Menard sat back, amazed and trying to process what he’d heard. “That’s insane. Have the Germans checked the site?”

“Yes,” Marshall answered. The DNI’s voice was quiet. “They didn’t find anything beyond some blood on the ground. The generators, the test rig, the evidence of Strelnikov’s abduction, it was all gone. The Russians cleaned house. If we didn’t have those pictures, we wouldn’t be able to prove a thing.”

“We still can’t prove a thing,” Cooke corrected him. “If we made these public, the Russians would just claim everything was staged or Photoshopped. Those wouldn’t be enough to nail Lavrov on anything.”

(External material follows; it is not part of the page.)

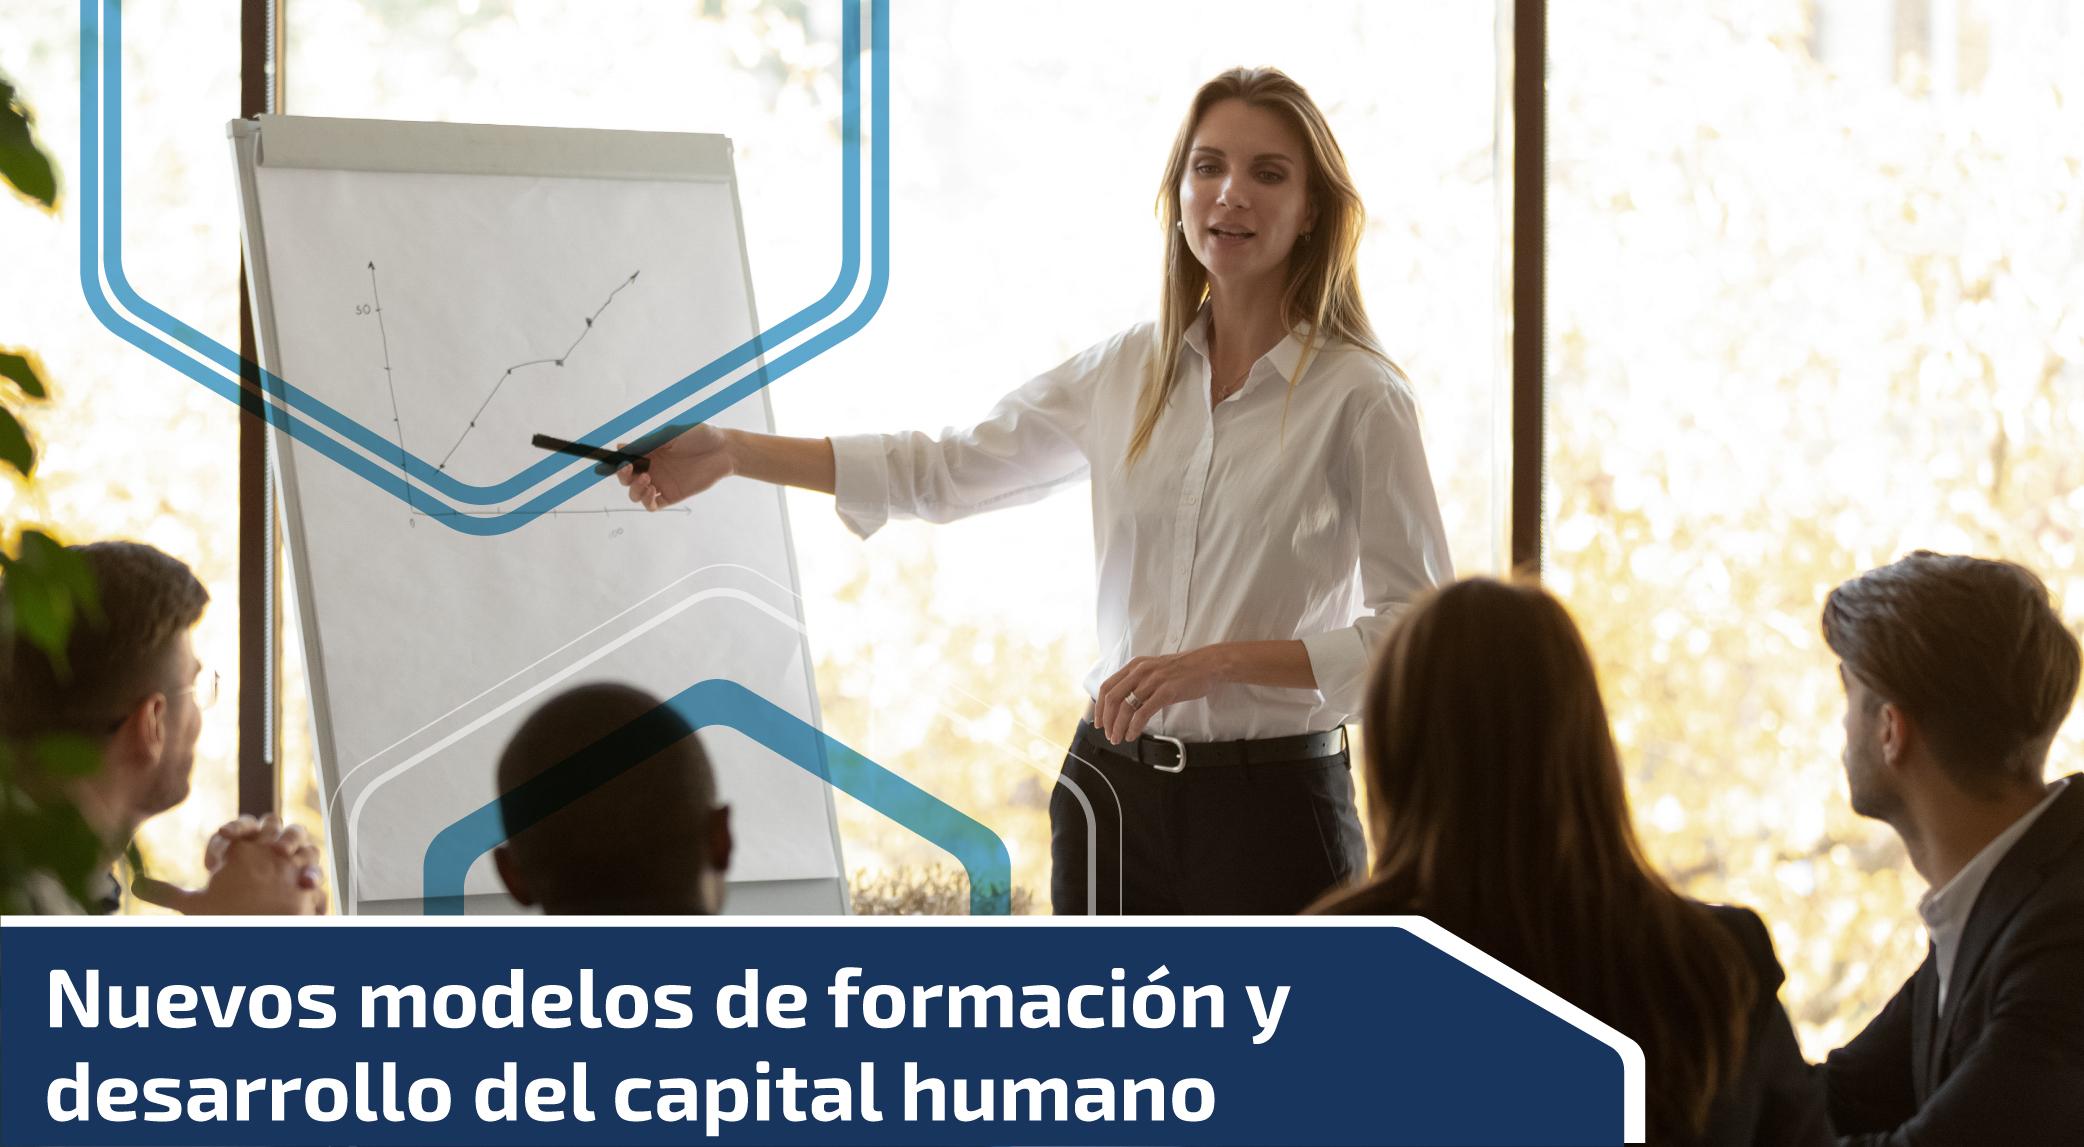 Nuevos modelos de formación y desarrollo del capital humano

“We’re not going to go public with them,” Rostow announced. All heads turned toward the president. “Russian soldiers have attacked and possibly murdered a U.S. citizen on friendly soil to cover up some covert action. That’s not going to stand, especially not when they’re about to cut us open like a trout and probably kill a lot of their own people in the process. We’re going to talk to them about it in the language they can understand.” Rostow opened a folder on the table and passed a sheet of White House letterhead to the FBI director. “Isaac, as of today, I want the FBI to arrest every Russian on U.S. soil who your people ever dreamed might be an intelligence officer. I’m going to talk to the secretary of state and have him start pressing allied countries to do the same. I expect most of the Europeans won’t be much use, but the Brits and the Aussies will probably jump at the chance to kick the Russians where it hurts.”

“We’ll never be able to hold them,” Menard advised. “Most of them will be under diplomatic cover.”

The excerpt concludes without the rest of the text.